HE appears, as ever, looking positively dripped out: white jacket, white pants, jaunty Louis Vuitton scarf, Rolex gleaming in the afternoon sun, fingers glistening with rings that would put a sultan to shame. Even on a relaxed day, Colman Domingo is guaranteed to be the bestdressed person walking into a room or, in this case, a 30-acre retail-space-cum-office-complex in Downtown Los Angeles.
"I'm from a generation of people where you have to tell your story a little bit," Domingo, who is 54, says of his outfit.
Casual, unintentional dressing-that's "never been my style," he says, gesturing toward the casual and unintentional around us.

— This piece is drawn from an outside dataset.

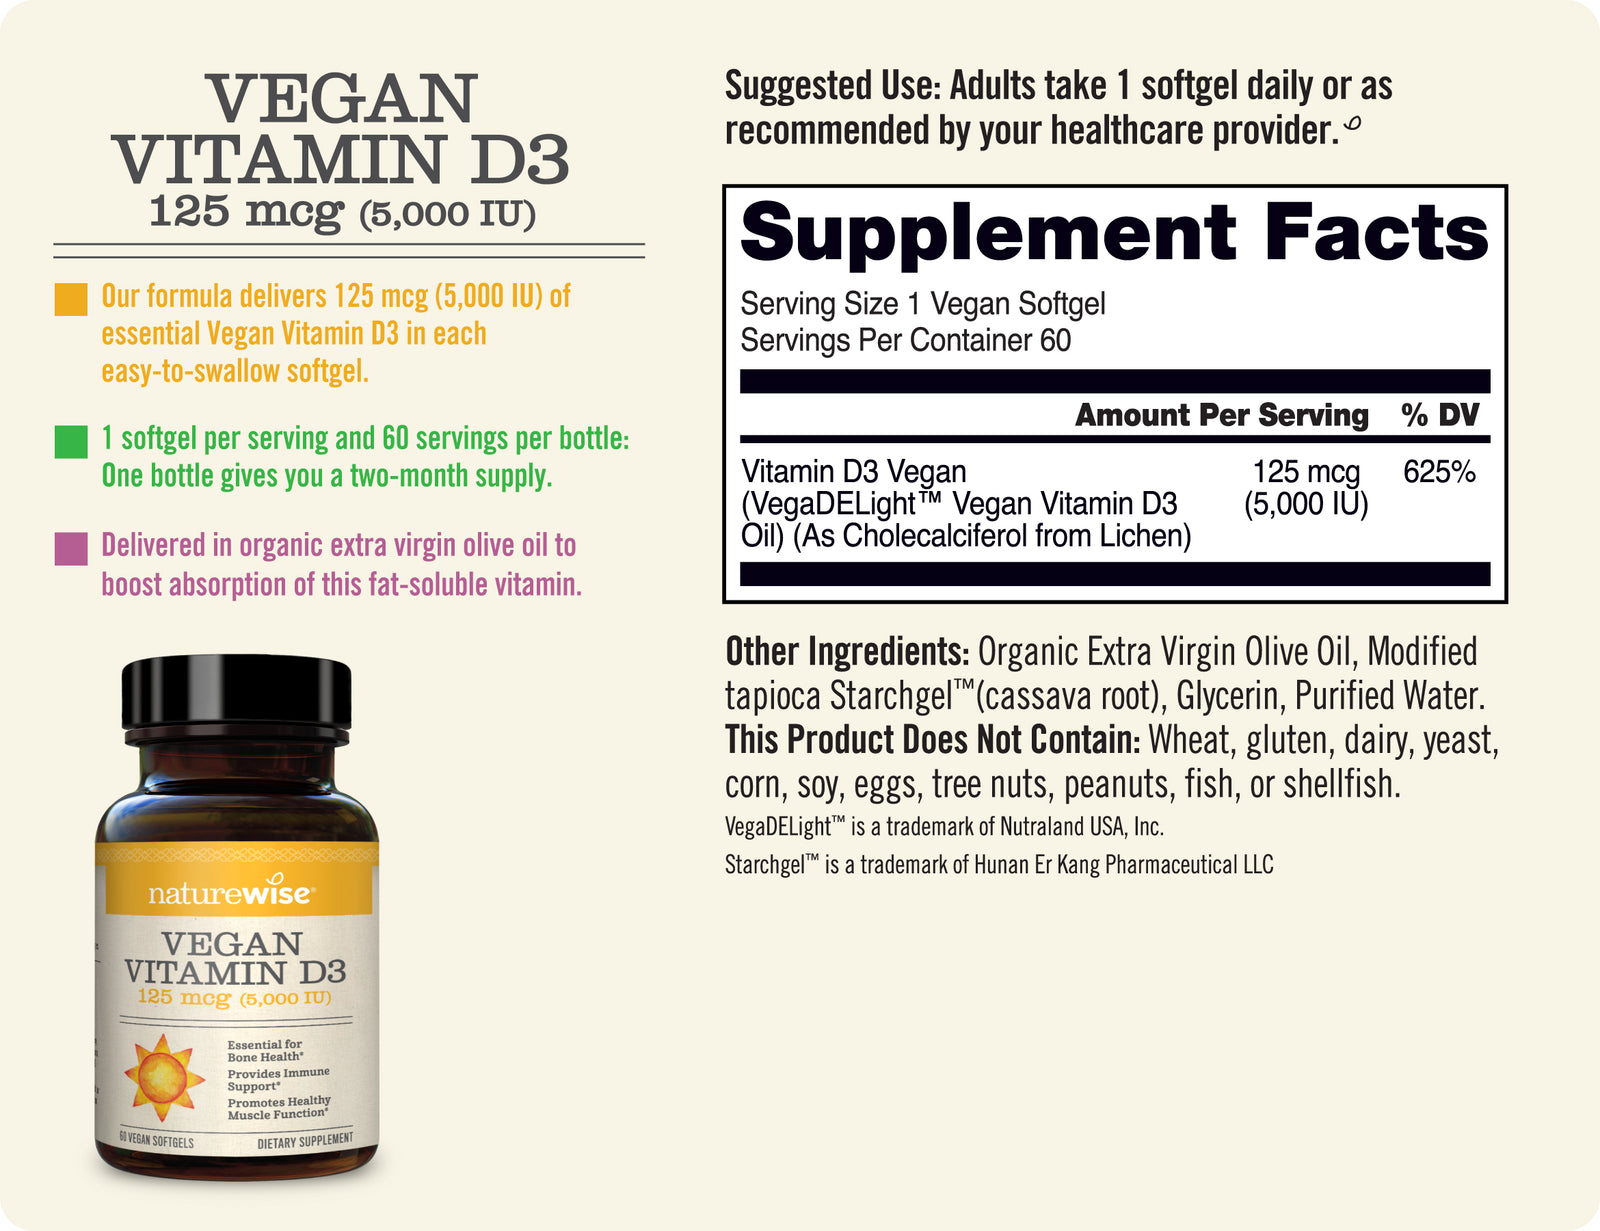 Vegan Vitamin D3 5,000 IU Sup Facts 
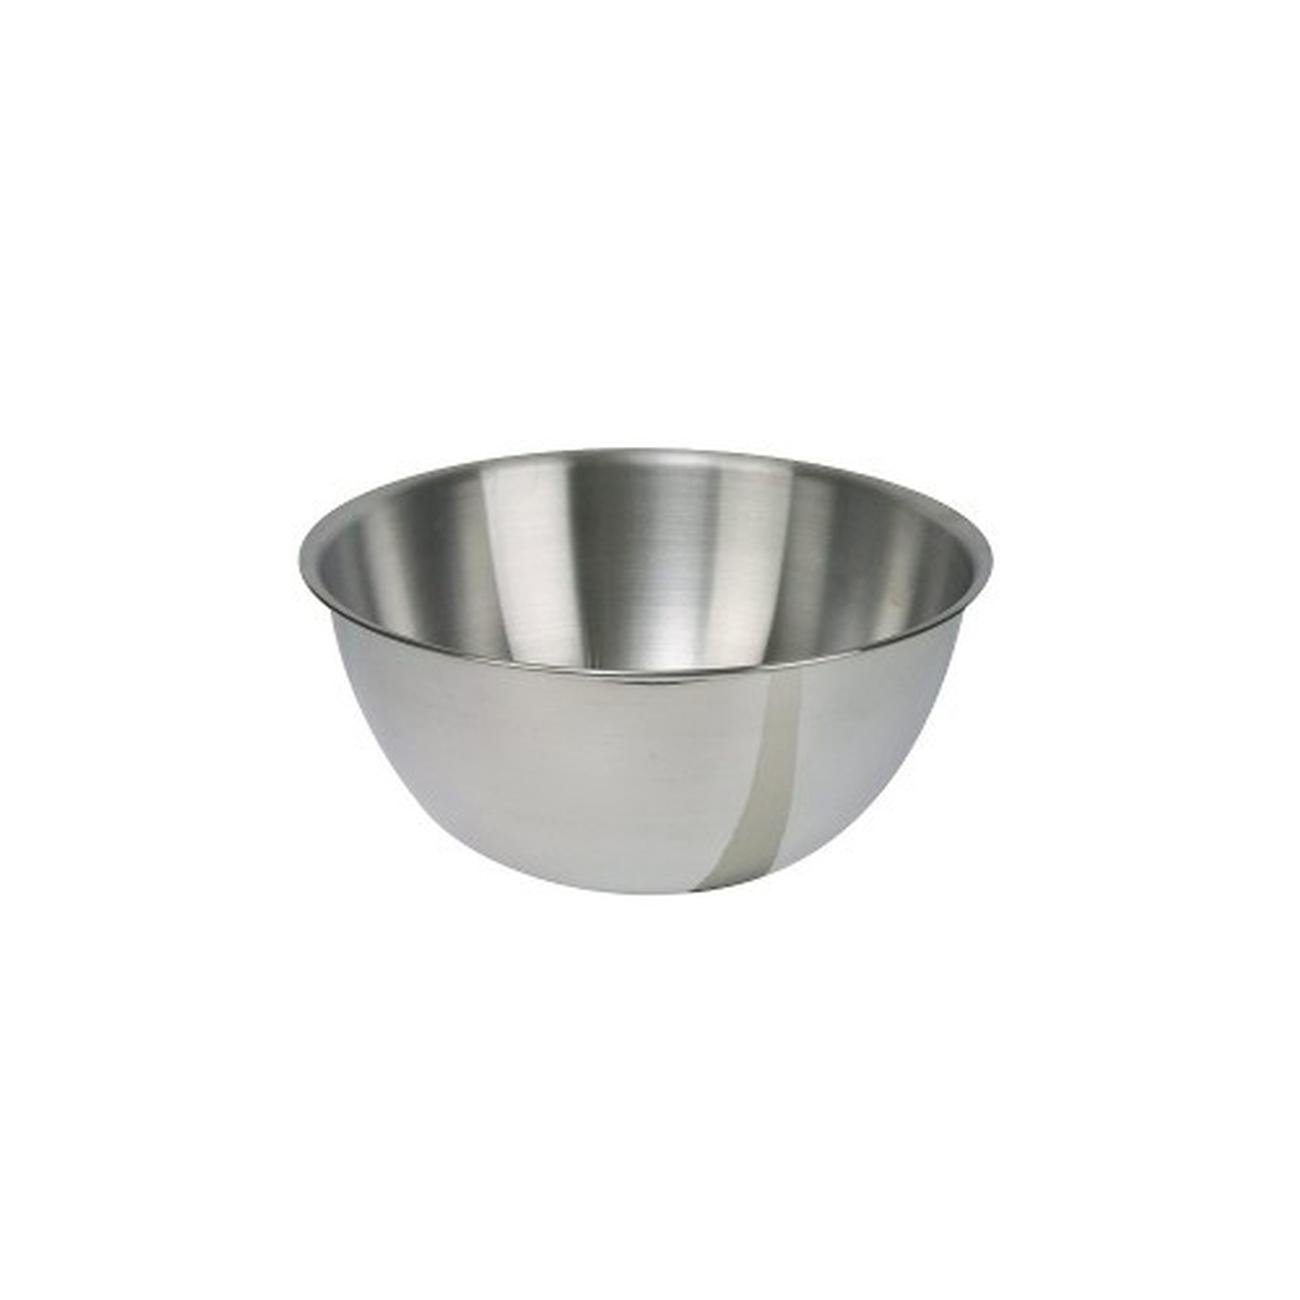 dexam-stainless-steel-mixing-bowl-0-5l - Dexam Stainless Steel Mixing Bowl 500ml

In addition to the sumptuous clothes, he has an easy laugh and speaks in a soft baritone that once caused NPR legend Terry Gross to pause mid-interview just to exclaim, "I love your voice."
With a three-decade career as an actor, playwright, and director behind him, Domingo dominated red carpets earlier this year during his first Oscars campaign for his portrayal of the civil rights activist Bayard Rustin in Rustin. (Domingo was the first openly gay Black man ever nominated for an Academy Award for Best Actor.) He had finally arrived, and he was staking his claim with a cavalcade of sharp, playful, show-stealing suits. The result was an all-time outfit heater, the sartorial equivalent of Klay Thompson dropping 37 points in a quarter.
There was, however, a rare miss early in the season. I don't remember it, and you probably don't either, but there was one person who caught it: Oprah.
"She was like, 'You look great. But what was that outfit you wore a few weeks ago? I depend on you. You never have an off day, but that was terrible," Domingo recalls.